What you have to do
One part of the entries below is wanted: the lines from the one containing "(6) Sub-paragraphs (7)" through the one containing "Beauty By Benz: Benz". Write those out exactly and nothing else.

___ Available data

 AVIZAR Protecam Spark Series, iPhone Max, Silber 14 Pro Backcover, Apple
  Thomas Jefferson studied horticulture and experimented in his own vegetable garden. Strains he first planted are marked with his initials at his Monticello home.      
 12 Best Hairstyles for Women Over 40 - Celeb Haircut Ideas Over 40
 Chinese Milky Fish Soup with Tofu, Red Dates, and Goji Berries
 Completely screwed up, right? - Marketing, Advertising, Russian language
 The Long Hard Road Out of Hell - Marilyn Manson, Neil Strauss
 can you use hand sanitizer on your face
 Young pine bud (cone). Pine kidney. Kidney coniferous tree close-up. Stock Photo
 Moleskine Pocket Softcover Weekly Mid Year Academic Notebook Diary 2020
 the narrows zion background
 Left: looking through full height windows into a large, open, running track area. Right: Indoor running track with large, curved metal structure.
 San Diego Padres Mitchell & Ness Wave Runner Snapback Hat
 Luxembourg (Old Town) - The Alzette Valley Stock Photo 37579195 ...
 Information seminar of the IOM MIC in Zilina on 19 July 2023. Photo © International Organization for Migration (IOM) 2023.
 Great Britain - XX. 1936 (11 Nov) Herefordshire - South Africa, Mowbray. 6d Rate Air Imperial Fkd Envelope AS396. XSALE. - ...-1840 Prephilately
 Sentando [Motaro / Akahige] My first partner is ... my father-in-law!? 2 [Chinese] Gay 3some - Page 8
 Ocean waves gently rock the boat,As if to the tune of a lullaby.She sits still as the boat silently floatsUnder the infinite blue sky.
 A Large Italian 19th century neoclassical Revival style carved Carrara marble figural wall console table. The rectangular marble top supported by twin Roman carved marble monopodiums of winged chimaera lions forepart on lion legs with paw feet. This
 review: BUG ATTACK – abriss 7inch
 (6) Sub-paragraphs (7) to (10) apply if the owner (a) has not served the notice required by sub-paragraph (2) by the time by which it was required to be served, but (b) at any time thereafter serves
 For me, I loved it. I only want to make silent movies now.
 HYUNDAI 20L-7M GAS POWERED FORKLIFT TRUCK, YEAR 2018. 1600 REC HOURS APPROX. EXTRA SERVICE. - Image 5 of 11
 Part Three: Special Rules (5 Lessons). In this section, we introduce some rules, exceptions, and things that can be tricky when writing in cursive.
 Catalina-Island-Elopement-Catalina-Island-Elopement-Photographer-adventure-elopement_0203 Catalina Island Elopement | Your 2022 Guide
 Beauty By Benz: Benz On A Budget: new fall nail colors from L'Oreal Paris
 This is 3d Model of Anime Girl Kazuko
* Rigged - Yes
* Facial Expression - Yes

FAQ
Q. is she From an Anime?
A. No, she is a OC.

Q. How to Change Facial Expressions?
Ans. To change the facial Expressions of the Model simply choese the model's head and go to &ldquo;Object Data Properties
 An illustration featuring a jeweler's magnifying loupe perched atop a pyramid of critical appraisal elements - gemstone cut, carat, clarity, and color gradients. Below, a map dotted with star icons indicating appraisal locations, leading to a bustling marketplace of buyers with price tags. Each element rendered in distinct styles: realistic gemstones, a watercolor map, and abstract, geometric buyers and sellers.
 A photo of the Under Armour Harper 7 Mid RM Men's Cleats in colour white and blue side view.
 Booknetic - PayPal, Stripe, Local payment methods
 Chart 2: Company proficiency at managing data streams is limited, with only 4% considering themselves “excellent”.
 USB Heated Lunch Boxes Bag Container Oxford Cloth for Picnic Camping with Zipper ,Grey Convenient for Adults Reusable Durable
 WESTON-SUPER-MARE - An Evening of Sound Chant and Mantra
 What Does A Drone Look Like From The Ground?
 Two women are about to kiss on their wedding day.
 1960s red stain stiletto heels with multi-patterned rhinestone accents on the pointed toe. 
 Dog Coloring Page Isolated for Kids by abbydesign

______

Output of the exercise
 (6) Sub-paragraphs (7) to (10) apply if the owner (a) has not served the notice required by sub-paragraph (2) by the time by which it was required to be served, but (b) at any time thereafter serves
 For me, I loved it. I only want to make silent movies now.
 HYUNDAI 20L-7M GAS POWERED FORKLIFT TRUCK, YEAR 2018. 1600 REC HOURS APPROX. EXTRA SERVICE. - Image 5 of 11
 Part Three: Special Rules (5 Lessons). In this section, we introduce some rules, exceptions, and things that can be tricky when writing in cursive.
 Catalina-Island-Elopement-Catalina-Island-Elopement-Photographer-adventure-elopement_0203 Catalina Island Elopement | Your 2022 Guide
 Beauty By Benz: Benz On A Budget: new fall nail colors from L'Oreal Paris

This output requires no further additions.